与TLRs不同，rig - i样受体（rlr）在早产（PTL）中的调节尚不清楚。目前尚不清楚早产期间子宫组织中的RLR通路是否被激活，以及这种激活是否对病原体具有特异性。本研究旨在阐明两种早产模型中RLR通路的调控。在妊娠第16天，用LPS治疗致病性炎症，用RU486（一种黄体酮拮抗剂）治疗非致病性炎症诱导小鼠早产。评估早产率和胎儿生存能力，收集子宫组织进行ELISA、实时荧光定量PCR、rig - 1免疫组化和rig - 1及其下游蛋白的Western blot分析。自发性和激动剂诱导的子宫收缩力也进行了评估。LPS作用后8-10小时，RU486作用后16-18小时诱导早产。组织病理分析显示子宫组织炎症改变及中性粒细胞浸润。LPS组和ru486组外周血白细胞计数、TNFα和IL-6水平均显著升高。在lps处理的小鼠中，激动剂诱导的子宫收缩力明显降低。lps处理的动物RIG-I mRNA和蛋白表达显著升高，RIG-I磷酸化水平降低，而RU486处理对这些参数没有影响。IRF3及其磷酸化形式在两种早产模型中均显著升高。此外，两组患者的干扰素-β和乳酸水平均升高。研究结果表明，RLR通路在小鼠早产致病性模型中通过rig - 1表达增加和磷酸化降低特异性激活。
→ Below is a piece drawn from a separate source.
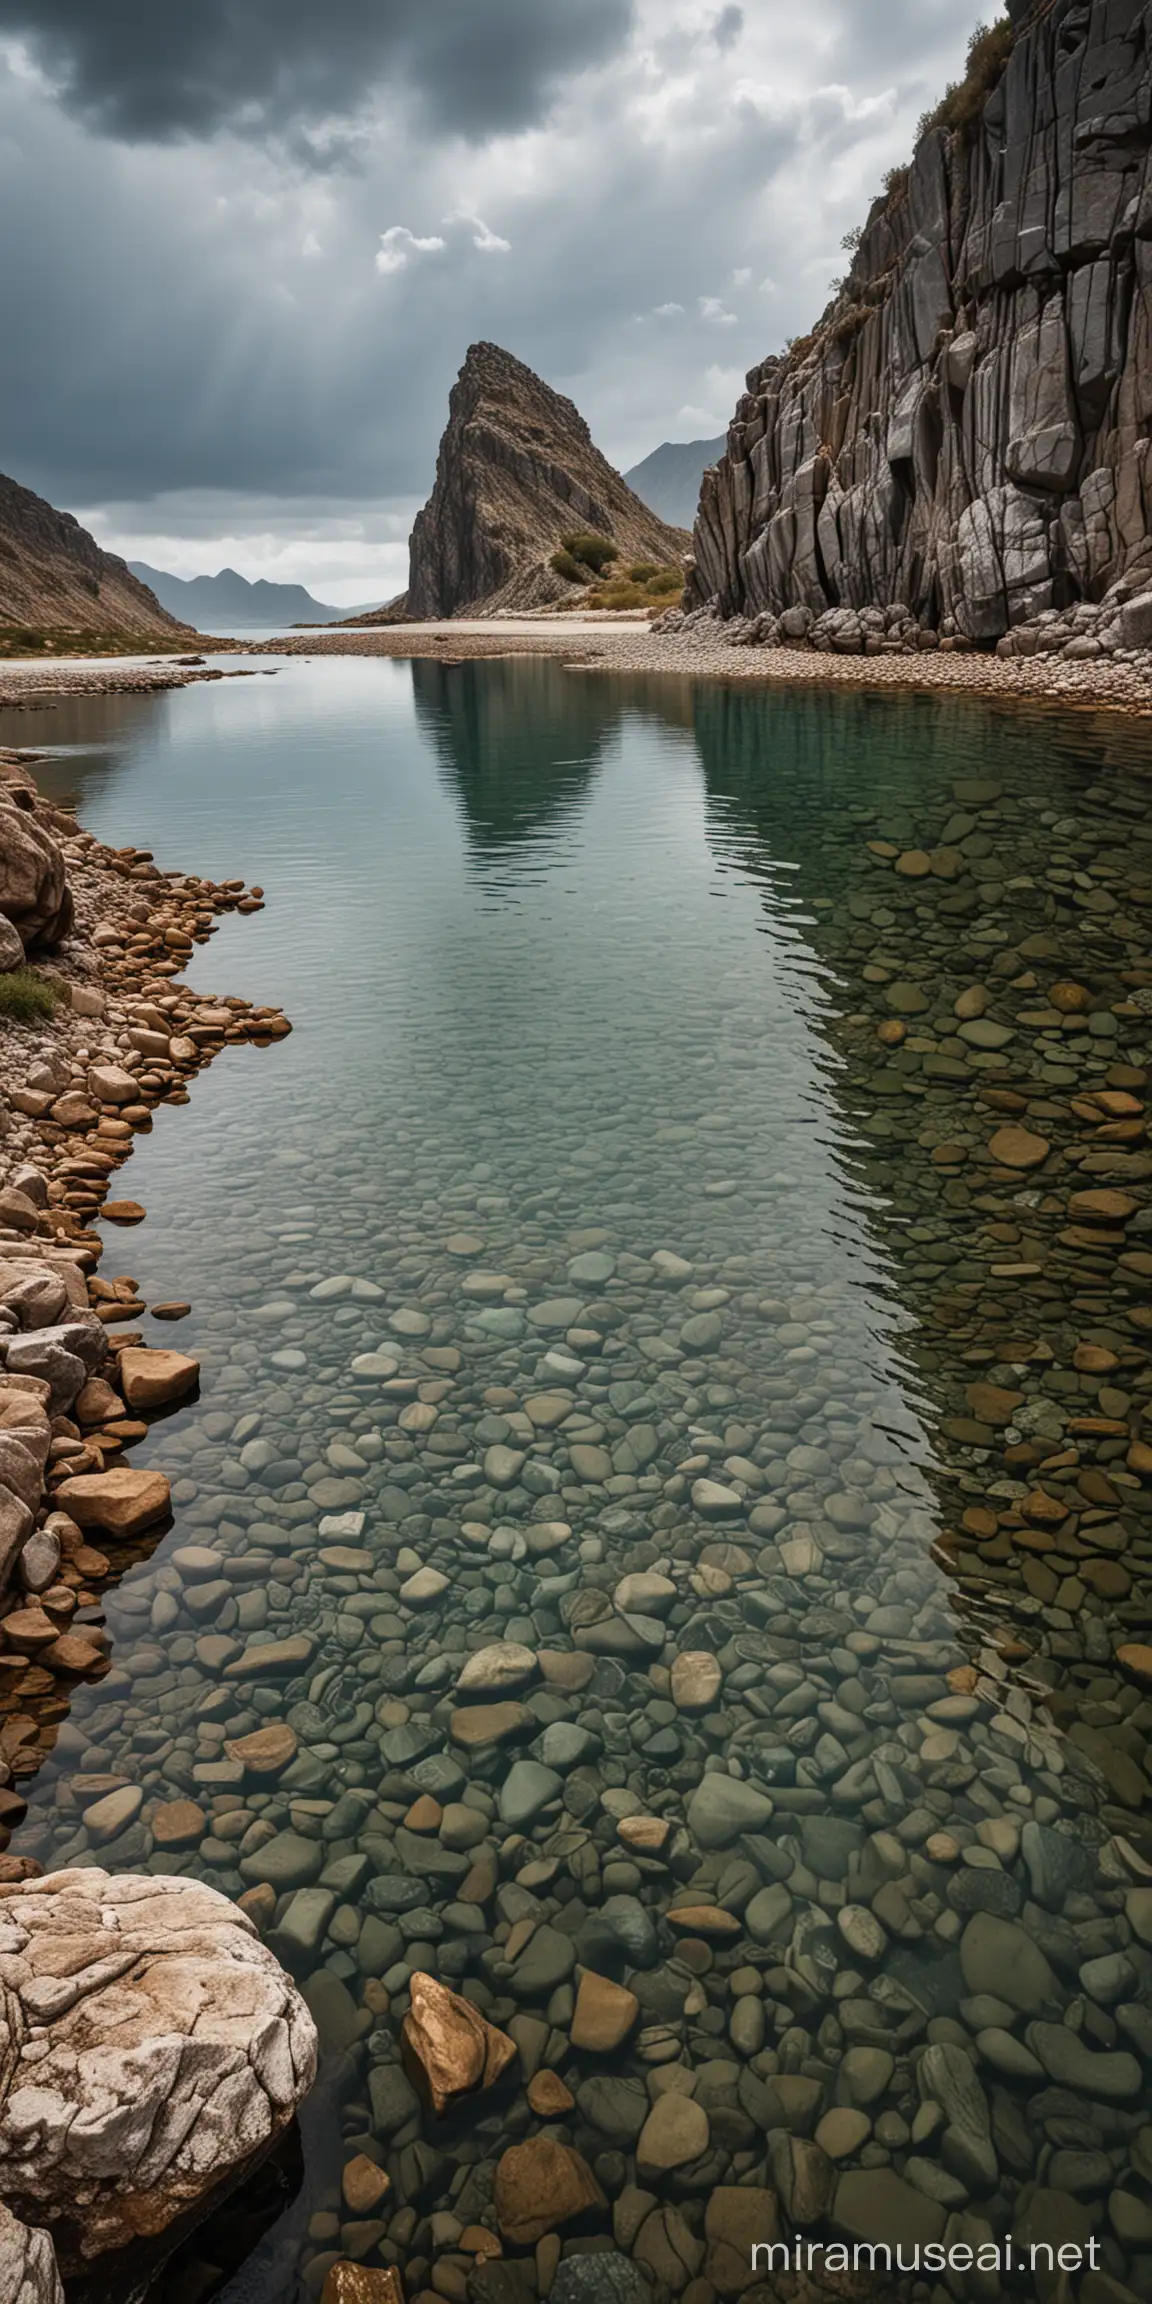 A landscape image in which there is both solidity and life, rock and water

本文章由计算机程序翻译，如有差异，请以英文原文为准。

求助全文

约1分钟内获得全文求助全文

来源期刊

Reproduction 生物-发育生物学

CiteScore

7.40

自引率

2.60%

发文量

199

审稿时长

4-8 weeks

期刊介绍： Reproduction is the official journal of the Society of Reproduction and Fertility (SRF). It was formed in 2001 when the Society merged its two journals, the Journal of Reproduction and Fertility and Reviews of Reproduction. Reproduction publishes original research articles and topical reviews on the subject of reproductive and developmental biology, and reproductive medicine. The journal will consider publication of high-quality meta-analyses; these should be submitted to the research papers category. The journal considers studies in humans and all animal species, and will publish clinical studies if they advance our understanding of the underlying causes and/or mechanisms of disease. Scientific excellence and broad interest to our readership are the most important criteria during the peer review process. The journal publishes articles that make a clear advance in the field, whether of mechanistic, descriptive or technical focus. Articles that substantiate new or controversial reports are welcomed if they are noteworthy and advance the field. Topics include, but are not limited to, reproductive immunology, reproductive toxicology, stem cells, environmental effects on reproductive potential and health (eg obesity), extracellular vesicles, fertility preservation and epigenetic effects on reproductive and developmental processes.